October 24, 2006

One for the Aussies

I thought Australian politics had become surreal when George Bush and John Howard were seen planting a tree together in Washington and a reporter from commercial television said the two men did it to show how deeply rooted their relationship is.
From Martin Flanagan's column in today's Age, on the new and entirely foolish ABC policies for countering "bias" in news, current affairs and satire. The whole thing is worth your attention, as is Mr Flanagan's recent giving of the Stephen Murray-Smith Memorial Lecture.
The Howard Government chose not to be represented at the Wave Hill commemoration, an event said to signify the birth of the Australian reconciliation movement. As Peter Garrett, Labor’s shadow spokesman on reconciliation, pointed out to me at the event: he has no-one to shadow. The fact that the Howard Government has no Minister for Reconciliation is one of its most commendably honest acts, but what does it mean in real terms? It means, according to Patrick Dodson, that there is no dialogue. I have a saying: if you want to see white Australia - and by white Australia I mean John Howard’s Australia, which obviously includes people who are not white - step over into black Australia, then look back. What you see is a government that has no regard whatsoever for the thoughts and opinions of the people with whom you are standing as fellow Australians...
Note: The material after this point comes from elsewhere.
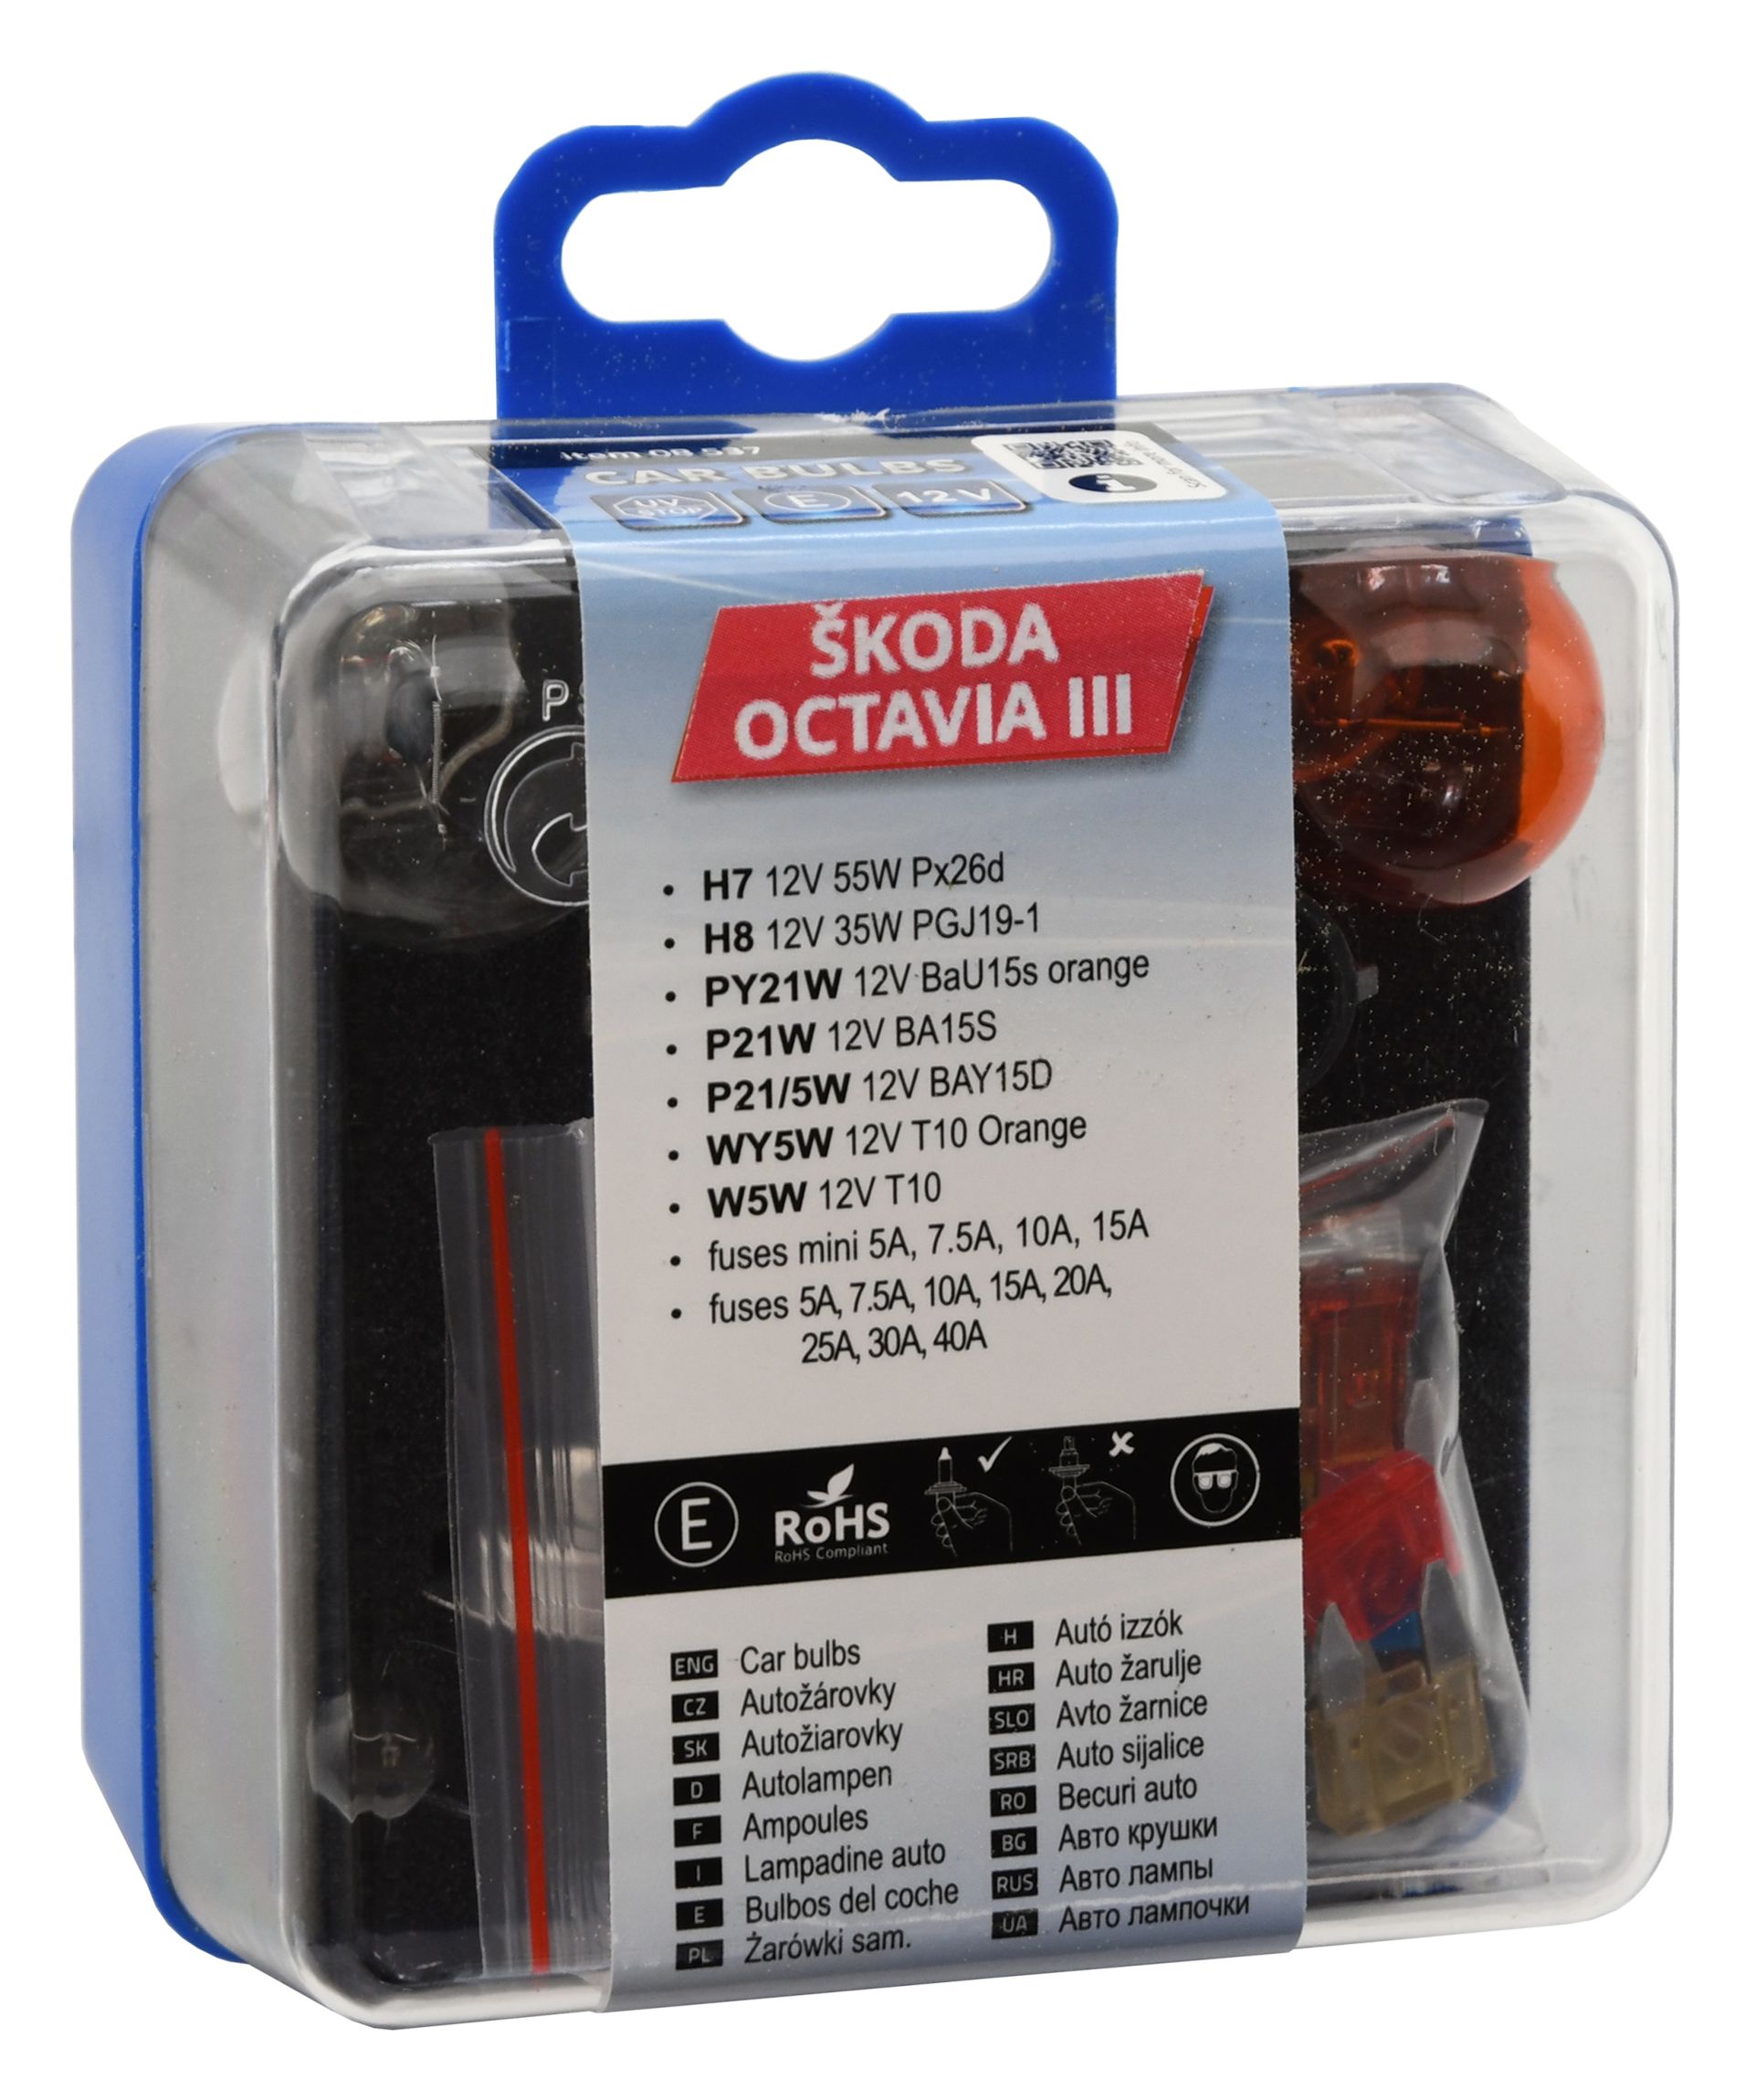 Žárovky servisní box ŠKODA OCTAVIA III H7+H8 Compass 08537

In the book I have written with Tom [Uren] I quote cartoonist Michael Leunig as saying the difficulty in working in the Australian media at this time is that we are expected to be moderate in a radical age. I find it highly significant that the two people I consider to have been the most serious critics of the Howard government over the past decade, Robert Manne and Malcolm Fraser, are both classical conservatives. We have all watched the many attempts made to make it appear that both these men have 'turned' or 'gone to the left' when an examination of their records shows they are simply applying the same principles they have always applied to the changing world around them. In the course of this lecture I hope I can appeal to decent conservatives.

Missing Creek

I don't know if any of my few visitors are regular readers of Chris Clarke's excellent weblog of poetry, nature writing and occasional commentary, Creek Running North. Unfortunately if you're not, you may not get the chance to become one, at least for some time. This utterly bites:
After family discussion regarding a commenter's threat of violence against our dog, Creek Running North has been taken offline.
Mr Clarke's beloved dog, Zeke, is an aged and frail shepherd, and his recent ill-health has been something of a concern for CRN's readers (while inspiring a number of fine posts from Mr Clarke including an extraordinary poem about past days of running we now can't reread). Presumably, recognising this, the tool who made the threat thinks they've been very clever in finding the right button to push. Well, at least as clever as a Skinner pigeon.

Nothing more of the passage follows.